I'll Be Home at Last

by lco123



Category: Pretty Little Liars
Genre: F/F, Fluff, Post-Series
Language: English
Status: Completed
Published: 2019-03-15
Updated: 2019-03-15
Packaged: 2019-11-18 14:44:06
Rating: General Audiences
Warnings: No Archive Warnings Apply
Chapters: 1
Words: 1,856
Publisher: archiveofourown.org
Story URL: https://archiveofourown.org/works/18122390
Author URL: https://archiveofourown.org/users/lco123/pseuds/lco123
Summary: Alison leaves town and this time, no one tries to stop her.Aria comes back home.In the aftermath of two breakups, Rosewood watches something unexpected happen.





	I'll Be Home at Last

**Author's Note:**

> This one is short, sweet, and quickly written. I wanted to get it out before The Perfectionists premieres, since it imagines one way Alison leaving might impact those left behind.

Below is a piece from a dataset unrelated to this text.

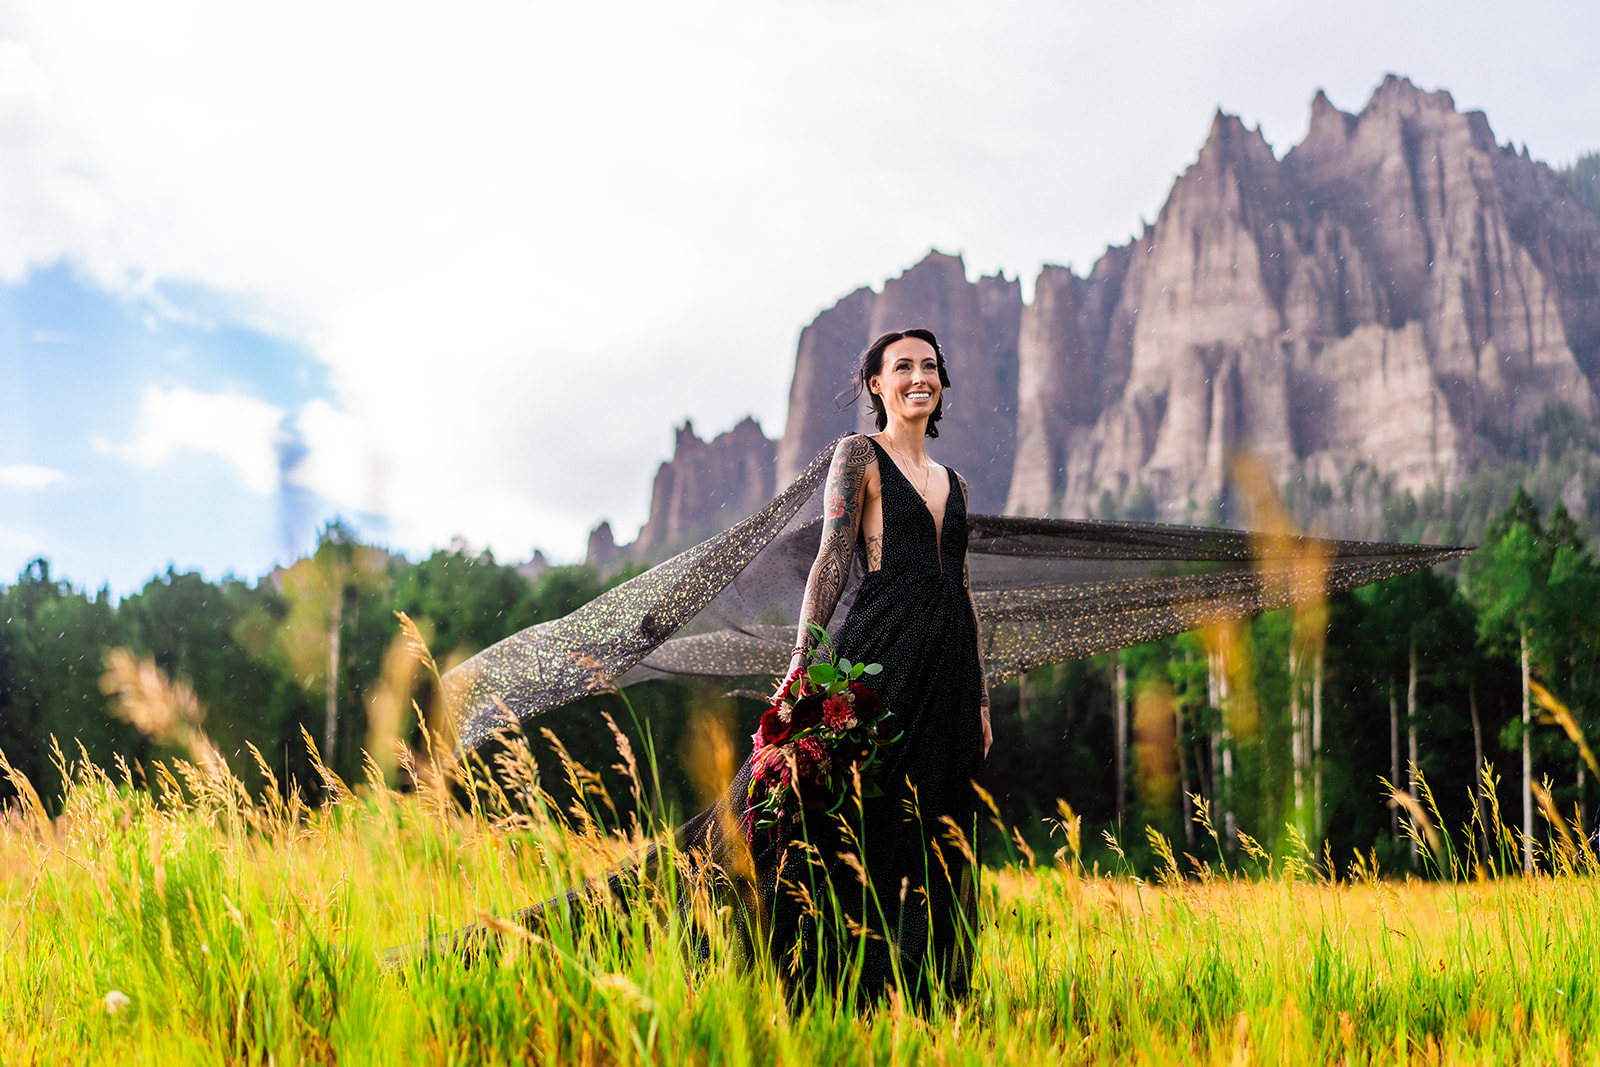 A bride in a black elopement dress standing in a field with mountains in the background.

Like always, word gets around.

Aria Montgomery and Ezra Fitz divorce. Alison DiLaurentis and Emily Fields split up two months before their wedding.

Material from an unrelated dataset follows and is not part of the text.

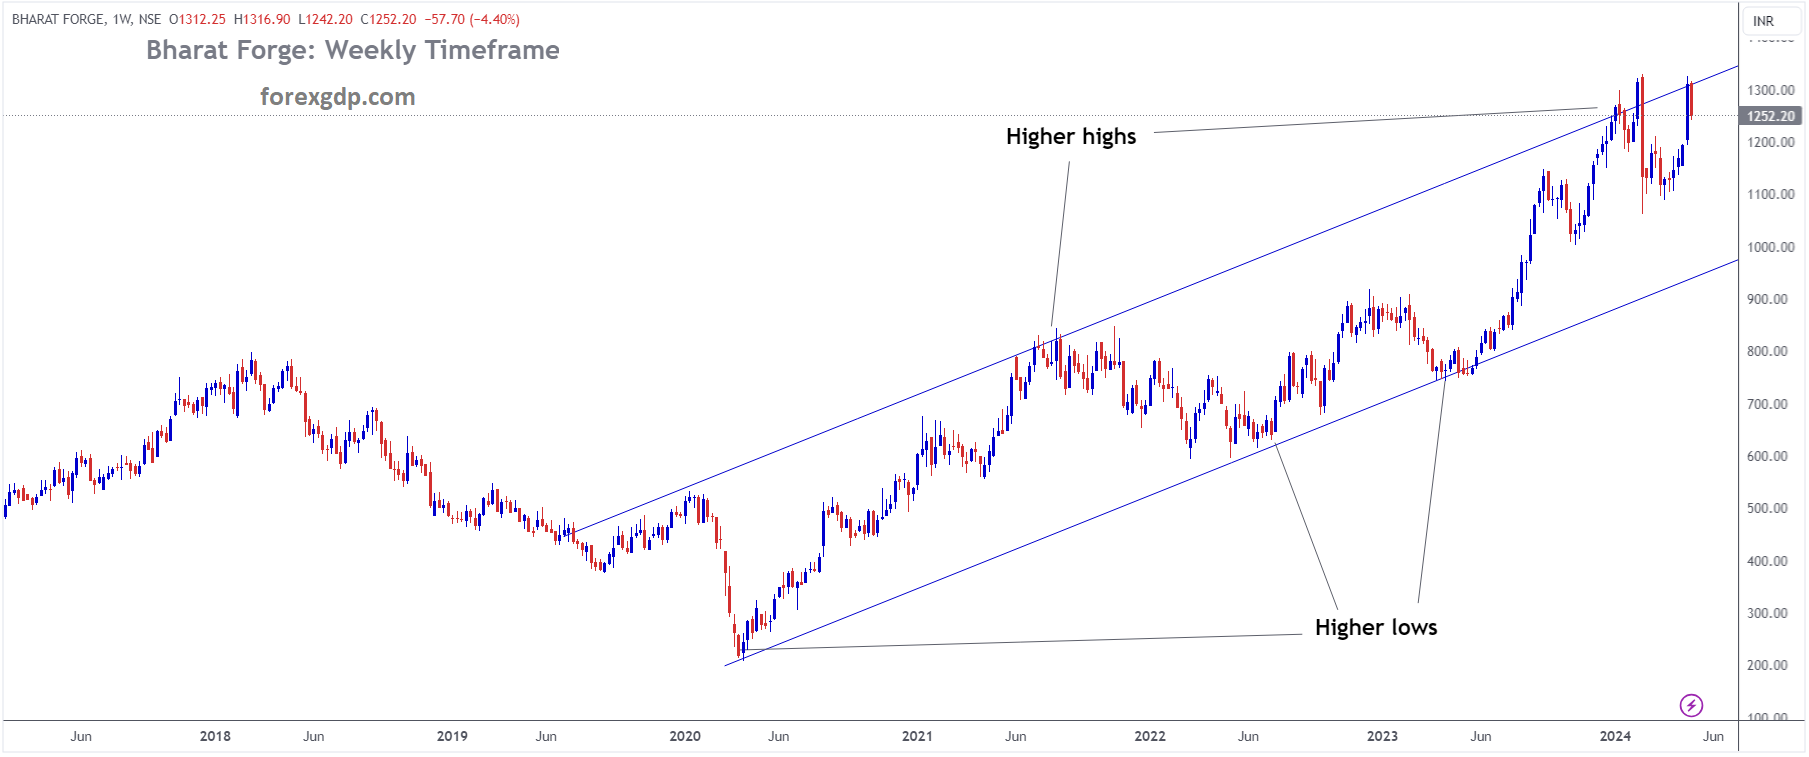 BHARAT FORGE Market Price is moving in Ascending channel and market has reached higher high area of the channel

Alison leaves town and this time, no one tries to stop her.

Aria comes back home.

Veronica Hastings watches from her kitchen window as Emily helps Aria unload magenta suitcases from a town car.

“It’s just for the next month or so,” Aria tells Veronica when they run into each other in the driveway. “While I finish my novel.”

“Okay,” Veronica replies. She knows it isn’t the truth. None of these girls has ever left when they said they would. “Did you have a good lawyer?”

Aria offers a tight smile. “Yes. She was very good.”

Veronica nods approvingly. “Wonderful. I hope you took him for every penny he’s worth.”

\--

Pam Fields picks her granddaughters up from preschool every day and watches them at their house until Emily gets home from work. It’s been like this since Alison left. Pam is still trying to wrap her head around just what happened. She’s also still having to remind herself that the DiLaurentis house is her daughter’s. Emily got it in the breakup, and despite Pam’s offer she didn’t want to move back home. Pam understands it; Emily wants to keep some semblance of normalcy for the girls, and she deserves her own space.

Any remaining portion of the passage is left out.